Во‑вторых, в обвинительных умозаключениях значилось, что «группка» сия целью своей ставила физическое уничтожение наркома путей сообщения Лазаря Моисеевича Кагановича. Смешно? Комично? Дивно? Учитель словесности, начитавшийся великих идеалистов, с юных лет отрицавший насилие даже «во благо» (в отличие от Родиона Романовича Раскольникова из «Преступления и наказания»), еще при поступлении в институт недавним красноармейцем не побоявшийся на вопрос комиссии – почему не в партии? – честно признаться, что он верит в Бога и положит жизнь «на ниве просвещения русского народа», обвиняется в намерении убить не какую‑то там безвестную старушку, а самого Кагановича! Разве не смешно? Разве отец после всего этого – не Акакий Башмачкин, у которого вместе с шинелью «социального приткновения» отобрали свободу, растоптав по доносу сексота наивные отцовские восторги, надежды и верования (не Веру!), развалив его молодую семью? «А шинель‑то наша!» И поди докажи обратное. Очень русский юмор. И весьма долговечный. Морозоустойчивый, так сказать.
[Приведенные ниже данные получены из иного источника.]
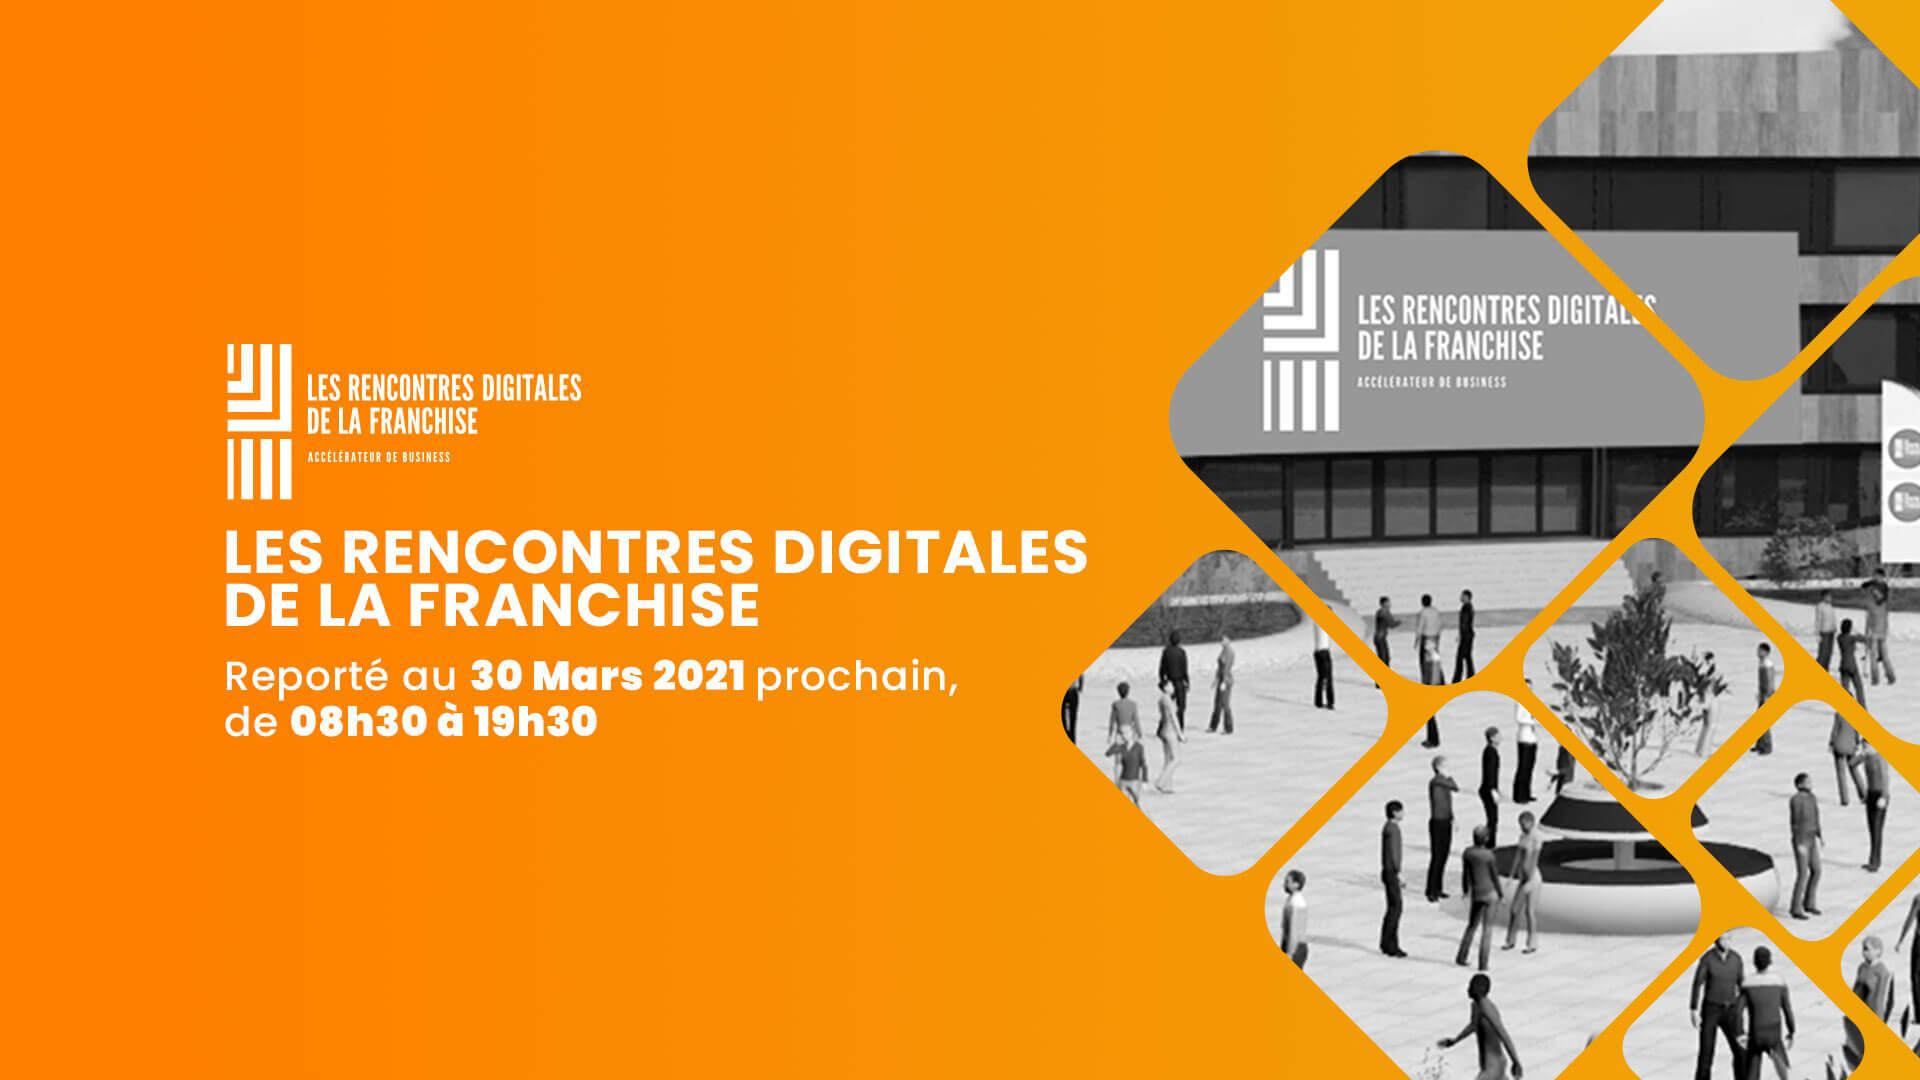 Les Rencontres Digitales de la Franchise

Или такое. Председательствующий спросил отца в ходе разбирательства:

– Скажите, обвиняемый, вы действительно считаете, что Маяковский как поэт меньше Пушкина?

На что отец в недоумении отвечал:

– Так ведь это любому школьнику известно…

– Вот! – трагически простер руку в зал председатель. – И такое – о Маяковском!

Смешно? Опять‑таки как когда. И – кому. Нынче про такое просто не верится. Анекдот какой‑то, право. А тогда в зале никто даже улыбнуться не посмел. Или – не догадался. Потому что всерьез шутили граждане, не подозревая, что шутят. Сквозь кровавые, отнюдь не гоголевские слезы смеялись. Над врагами народа. Почитавшими дворянчика Пушкина превыше… кого бы вы думали!

Или вот еще… «Питер», – в дневнике писал, вместо «Ленинград». Представляете, до чего докатился в своей антисоветчине? Игнорировал. И хотя дневничок этот злополучный велся отцом в конце двадцатых годов, когда многие по инерции и просто по привычке все еще называли Ленинград Петроградом и даже Петербургом, не говоря о разговорном «Питер», антисоветская подкладка дневника не тускнеет.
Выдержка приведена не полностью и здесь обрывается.